We protect your data with:

TLS 1.2+ encryption for all data in transit
Encrypted storage of payment data by Stripe (PCI-DSS Level 1 certified)
Hashed passwords (bcrypt) for account credentials — we never store passwords in plain text
Cloudflare bot protection and rate limiting
Application Passwords for administrator access to our infrastructure
Periodic review of access logs and permissions

No system is perfectly secure, however, and we cannot guarantee absolute security.

Breach Notification

In the event of a security incident affecting your personal information, we will notify you and applicable regulators within 72 hours of confirming the breach, as required by GDPR Art. 33 and similar US state laws. Notification will be sent via email to the address associated with your account.

International Data Transfers

The Service is operated from the United States. Some of our service providers (Stripe, OpenAI, Amazon SES, Cloudflare) operate globally.

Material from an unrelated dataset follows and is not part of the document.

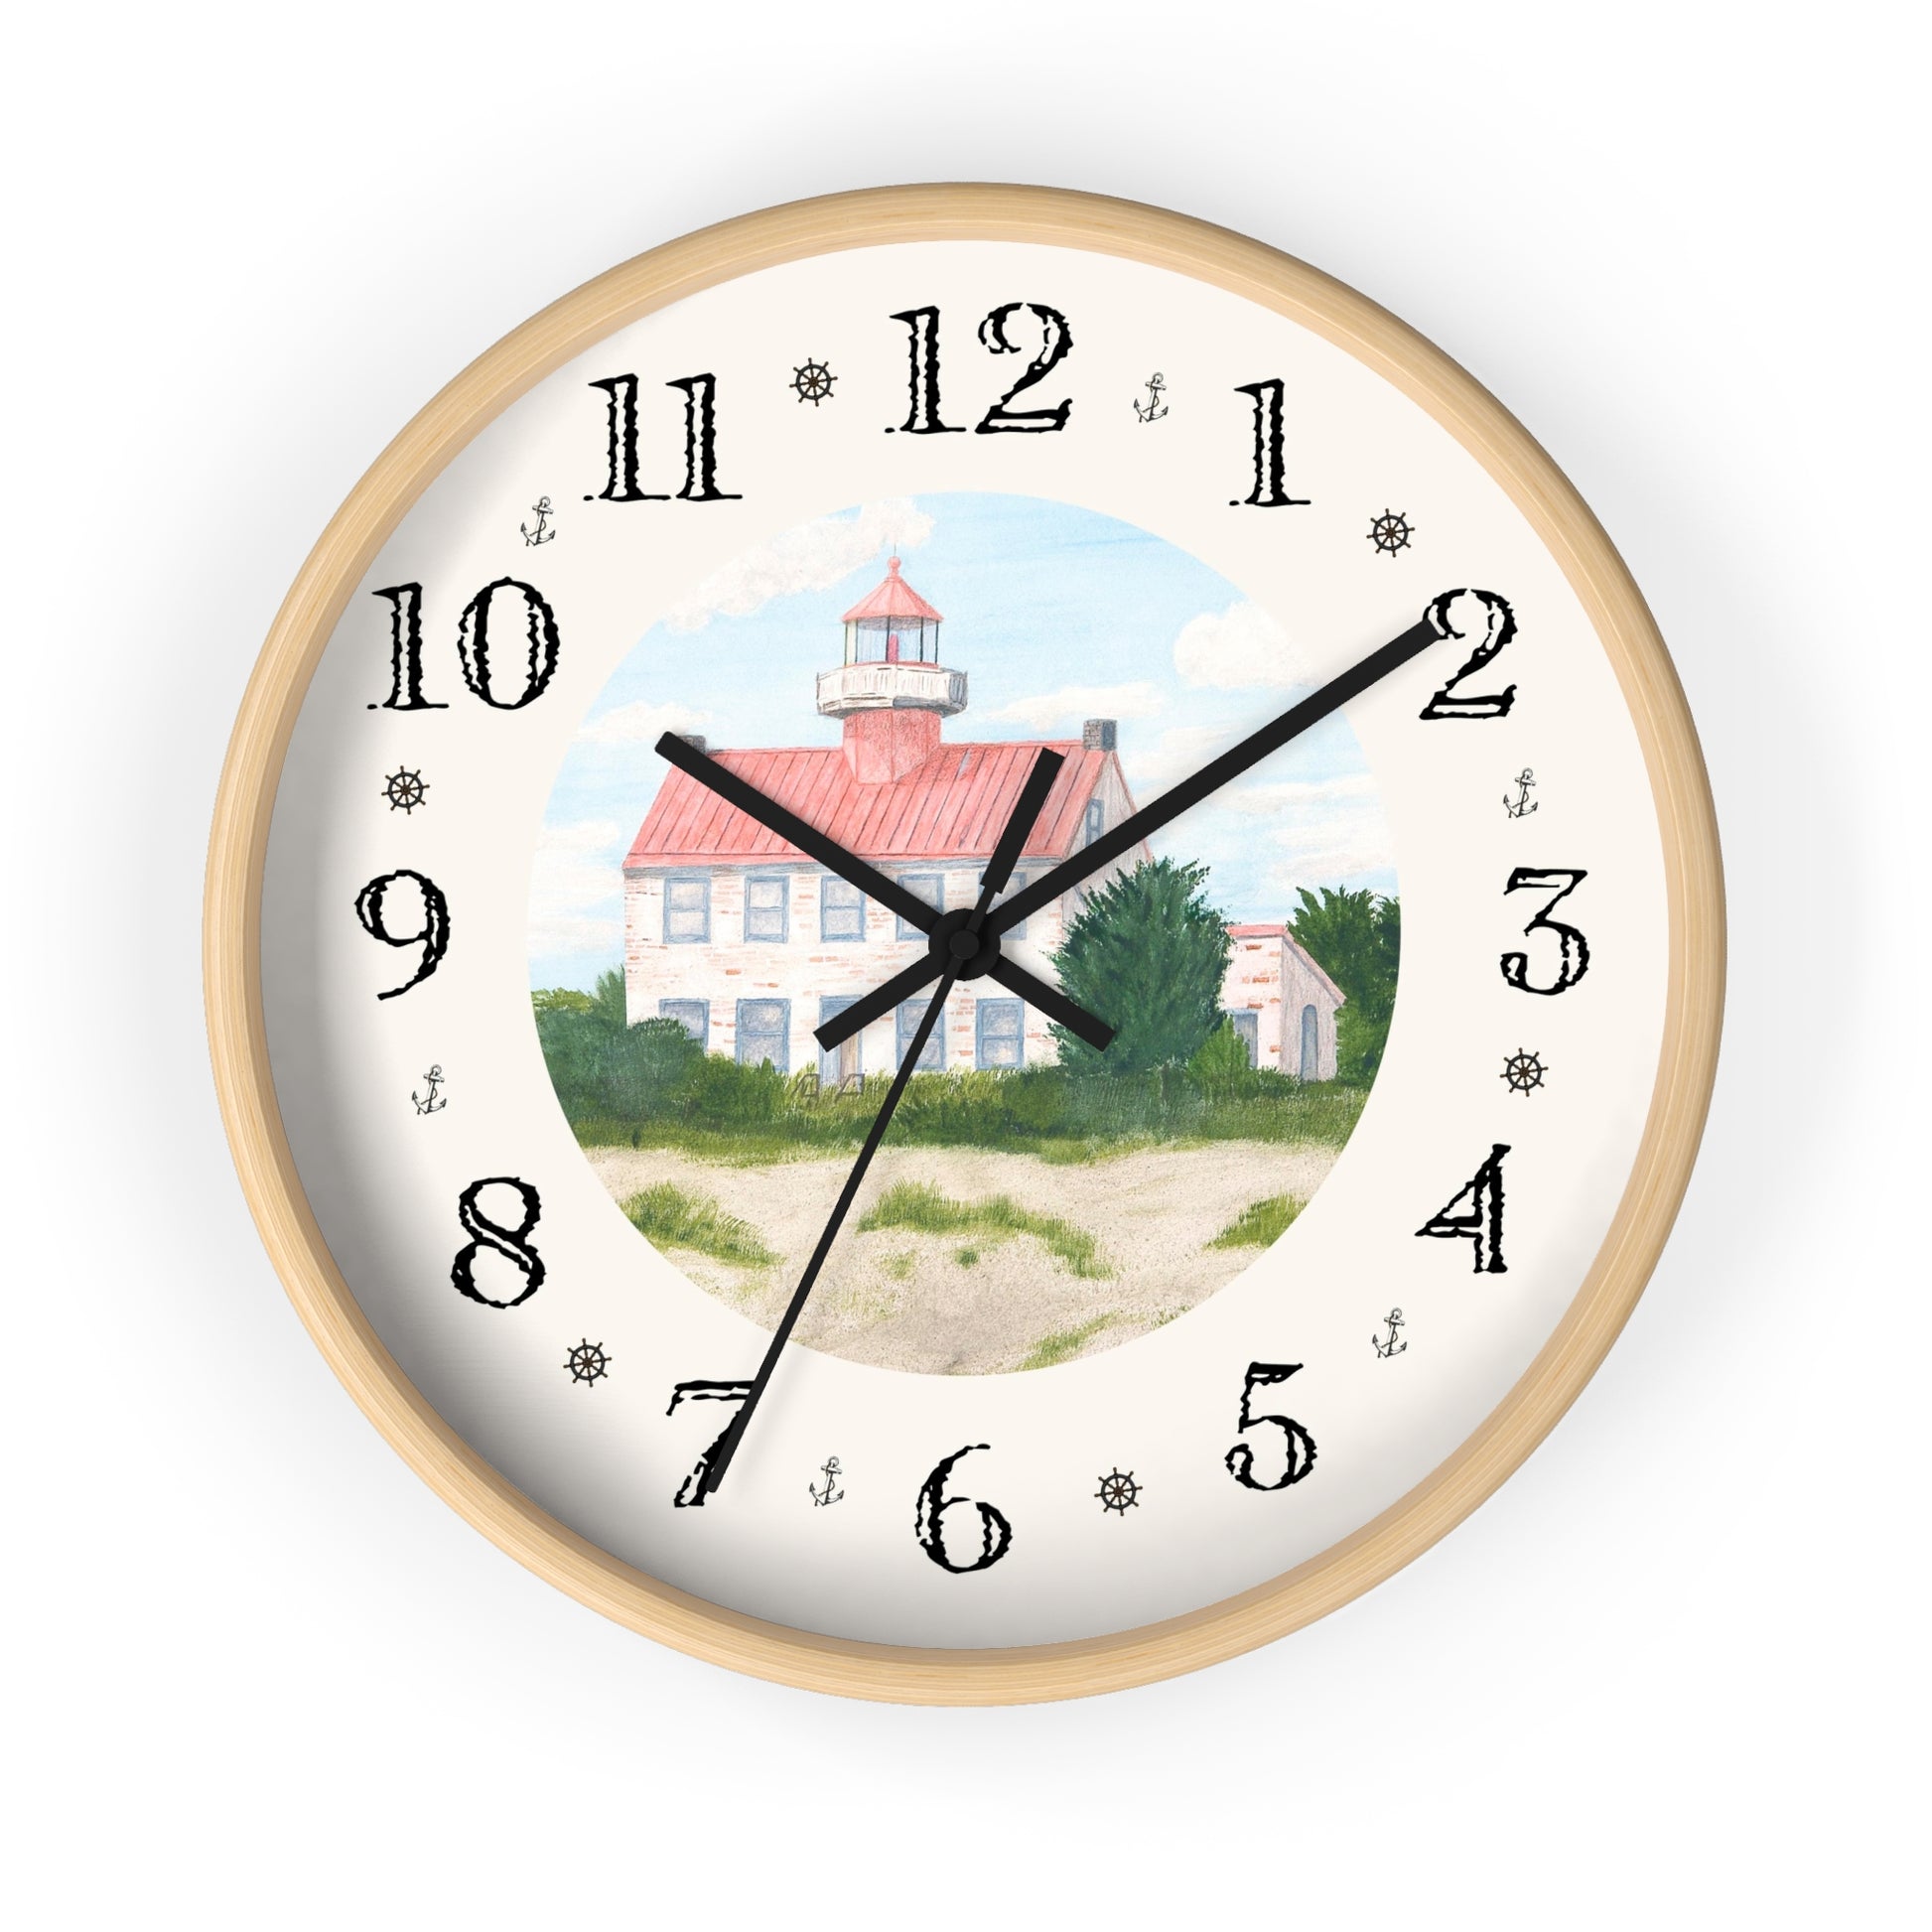 Enjoy a piece of New Jersey History as you look at the time on this charming clock. The East Point Lighthouse marks the entrance to the Maurice River from the Delaware Bay.

When data is transferred outside your country of residence, the transfer is governed by:

For EU / UK transfers to the United States: Standard Contractual Clauses (SCCs) as approved by the European Commission, and the EU-US Data Privacy Framework where applicable.
For other transfers: appropriate safeguards as required by the destination jurisdiction.

You can request more information about cross-border transfers by emailing [email protected].